Search tips
Search criteria 


Logo of austmjLink to Publisher's site
Australas Med J. 2012; 5(9): 489–496.
Published online 2012 September 30. doi:  10.4066/AMJ.2012.1378
PMCID: PMC3477791

Automated medical literature retrieval



The constantly growing publication rate of medical research articles puts increasing pressure on medical specialists who need to be aware of the recent developments in their field. The currently used literature retrieval systems allow researchers to find specific papers; however the search task is still repetitive and time-consuming.


In this paper we describe a system that retrieves medical publications by automatically generating queries based on data from an electronic patient record. This allows the doctor to focus on medical issues and provide an improved service to the patient, with higher confidence that it is underpinned by current research.


Our research prototype automatically generates query terms based on the patient record and adds weight factors for each term.
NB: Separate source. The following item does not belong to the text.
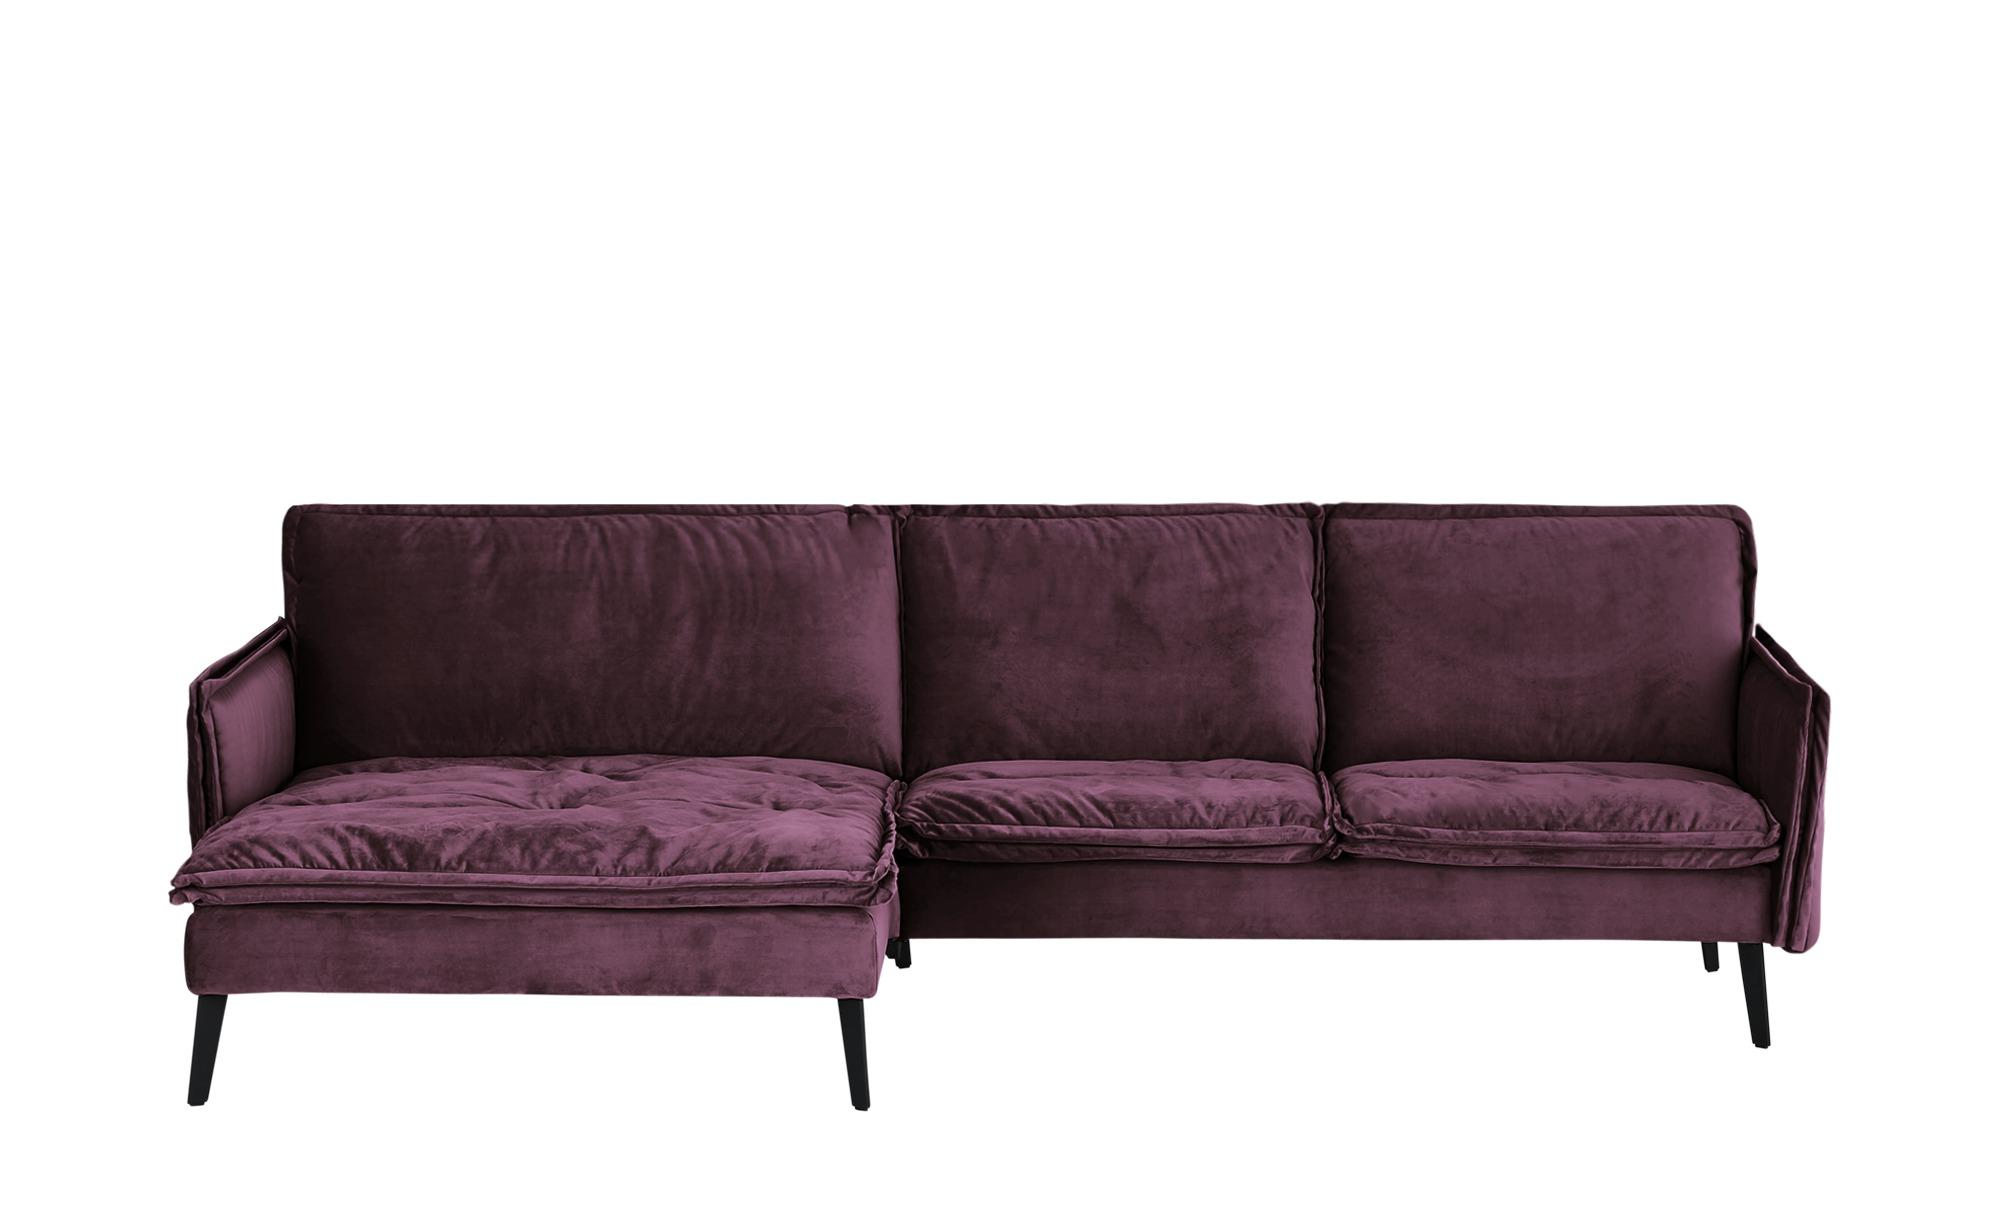 Musterring Ecksofa  Rahel ¦ lila/violett ¦ Maße (cm): H: 94 Polstermöbel > Sofas > Ecksofas - Höffner

Currently the patient’s age is taken into account with a fuzzy logic derived weight, and terms describing blood-related anomalies are derived from recent blood test results. Conditionally selected homonyms are used for query expansion.

The query retrieves matching records from a local index of PubMed publications and displays results in descending relevance for the given patient. Recent publications are clearly highlighted for instant recognition by the researcher.


Nine medical specialists from the Royal Adelaide Hospital evaluated the system and submitted pre-trial and post-trial questionnaires. Throughout the study we received positive feedback as doctors felt the support provided by the prototype was useful, and which they would like to use in their daily routine.


By supporting the time-consuming task of query formulation and iterative modification as well as by presenting the search results in order of relevance for the specific patient, literature retrieval becomes part of the daily workflow of busy professionals.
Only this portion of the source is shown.